● COLLECTED MATERIAL
*-*-*

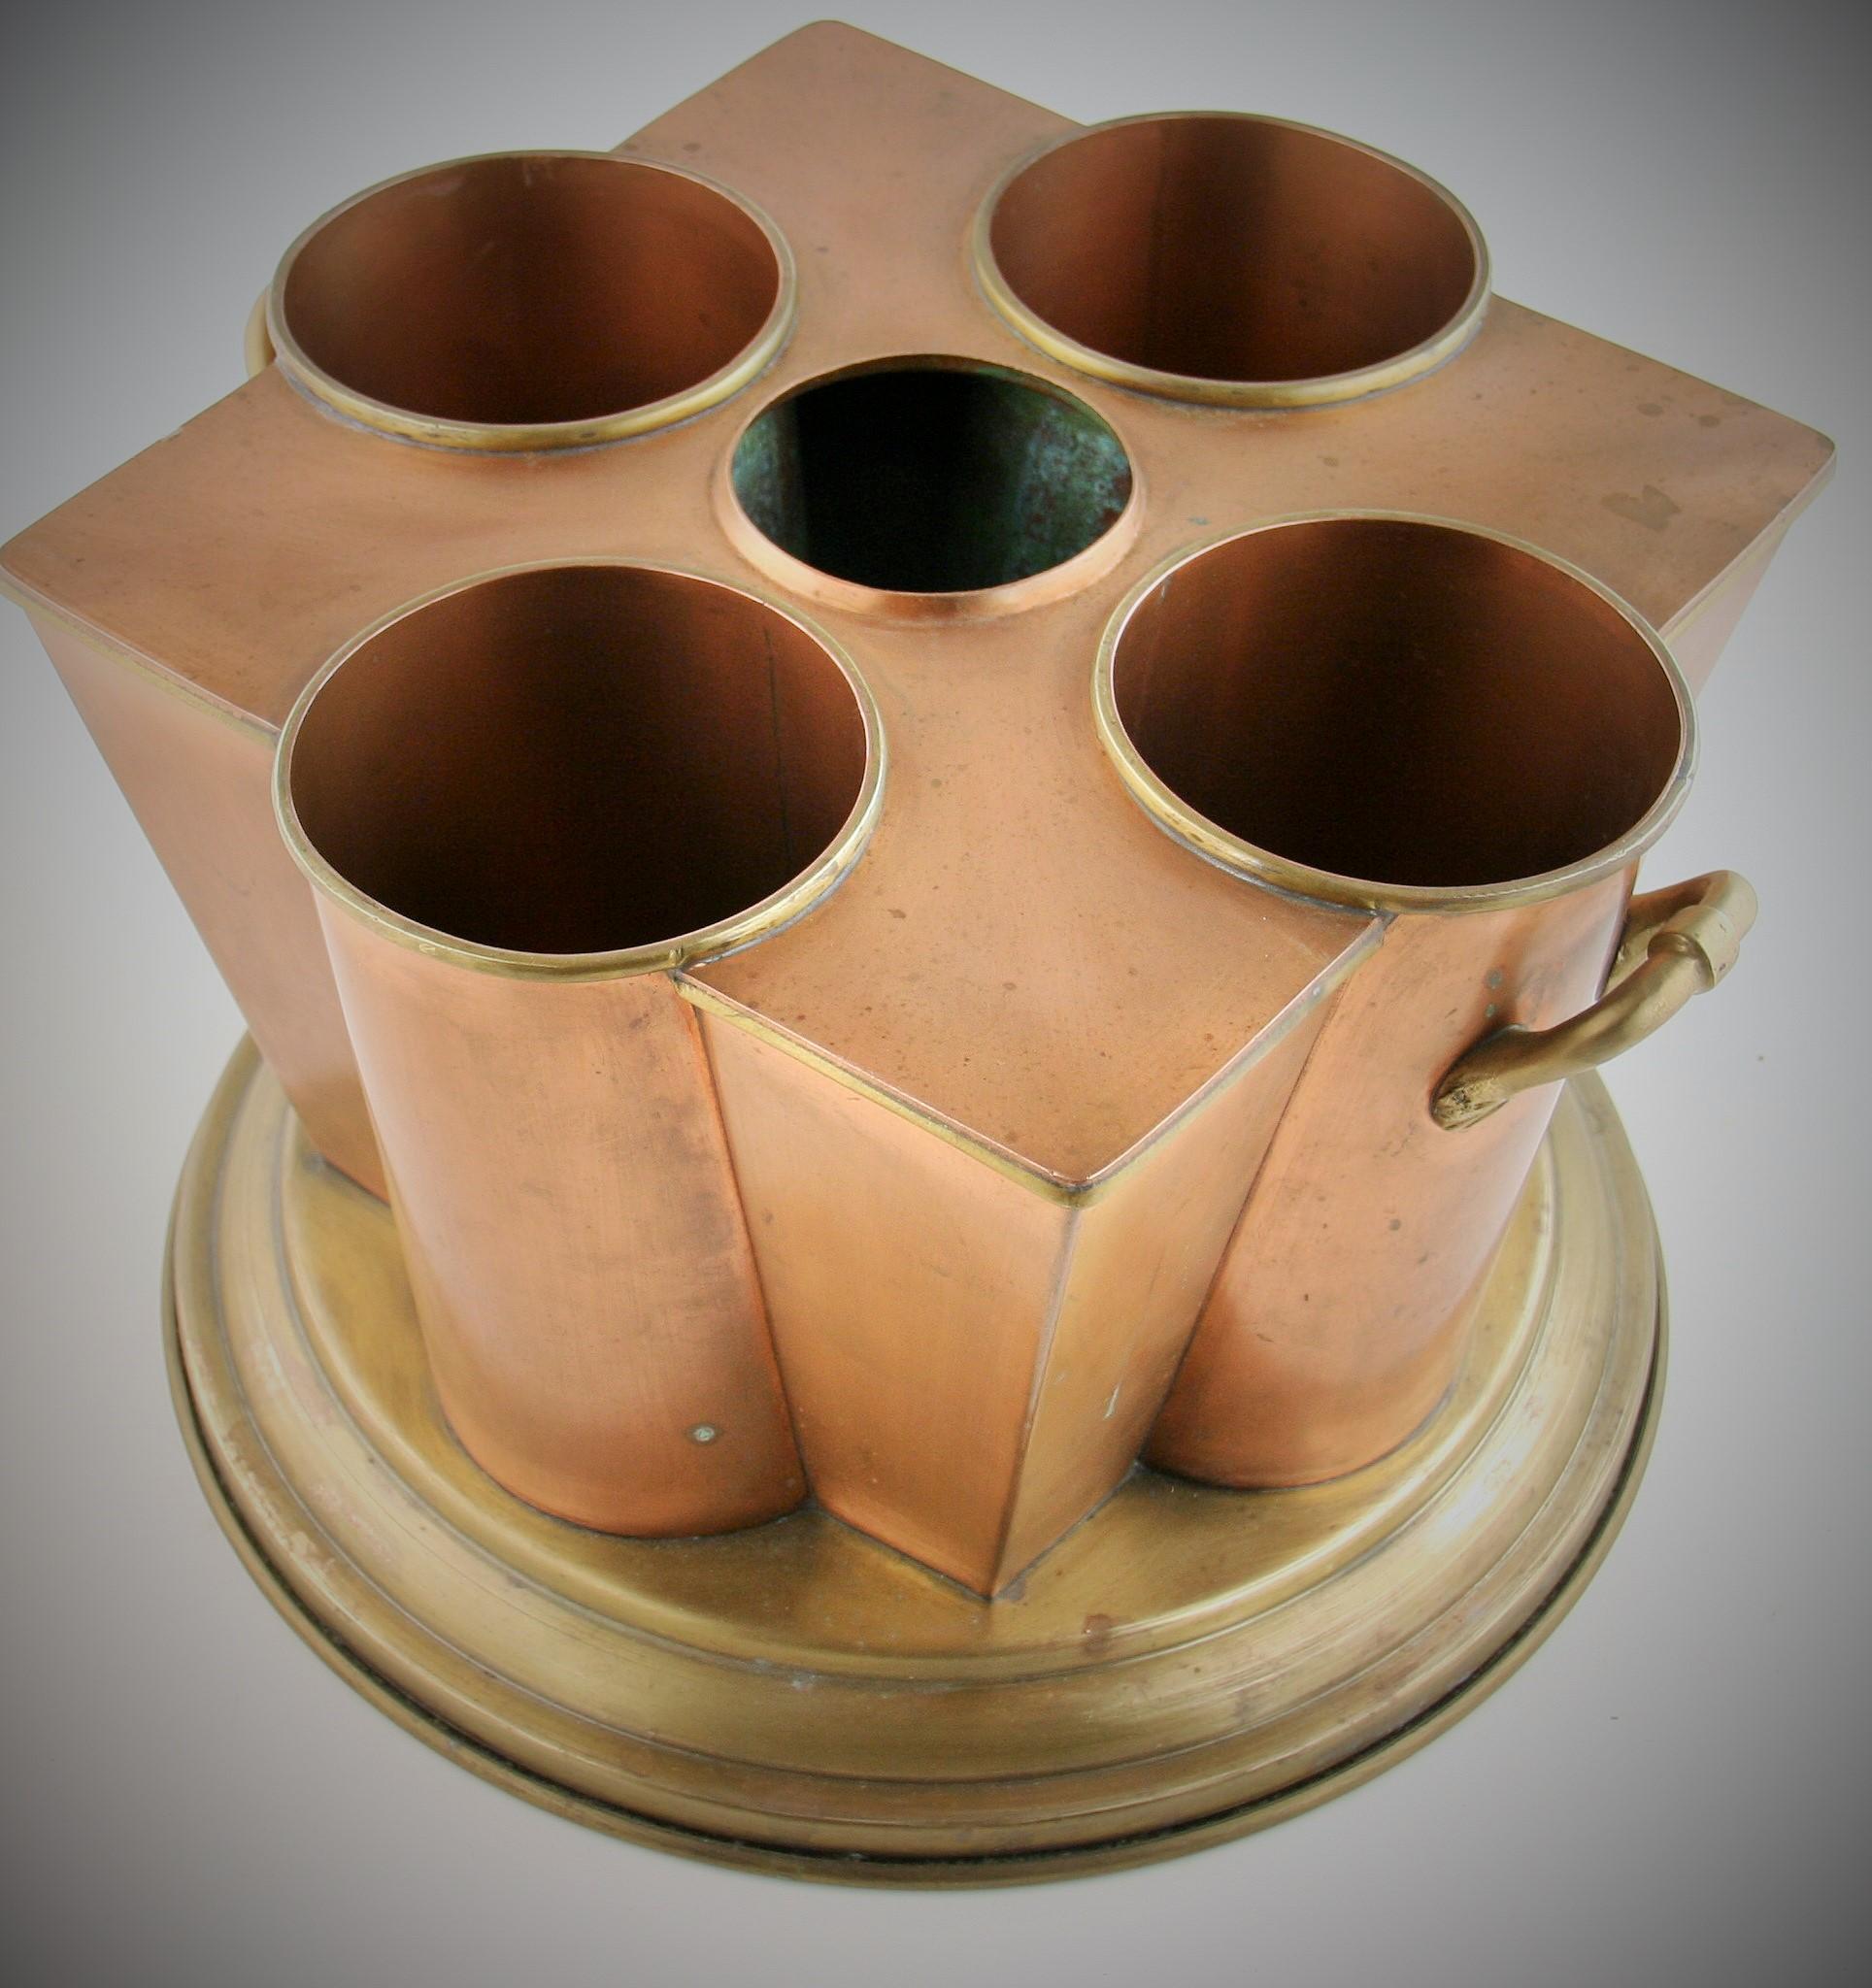 8-260 Modern geometric brass and copper center piece/flower holder with brass handles.
Top part is copper bottom is brass.
Can be used as wine cooler by placing ice in center compartment which will cool surrounding bottles
 

*-*-*

● WHAT THE EXERCISE ASKS
Return the data exactly. Do not carry over any images.

● FINAL ANSWER
 8-260 Modern geometric brass and copper center piece/flower holder with brass handles.
Top part is copper bottom is brass.
Can be used as wine cooler by placing ice in center compartment which will cool surrounding bottles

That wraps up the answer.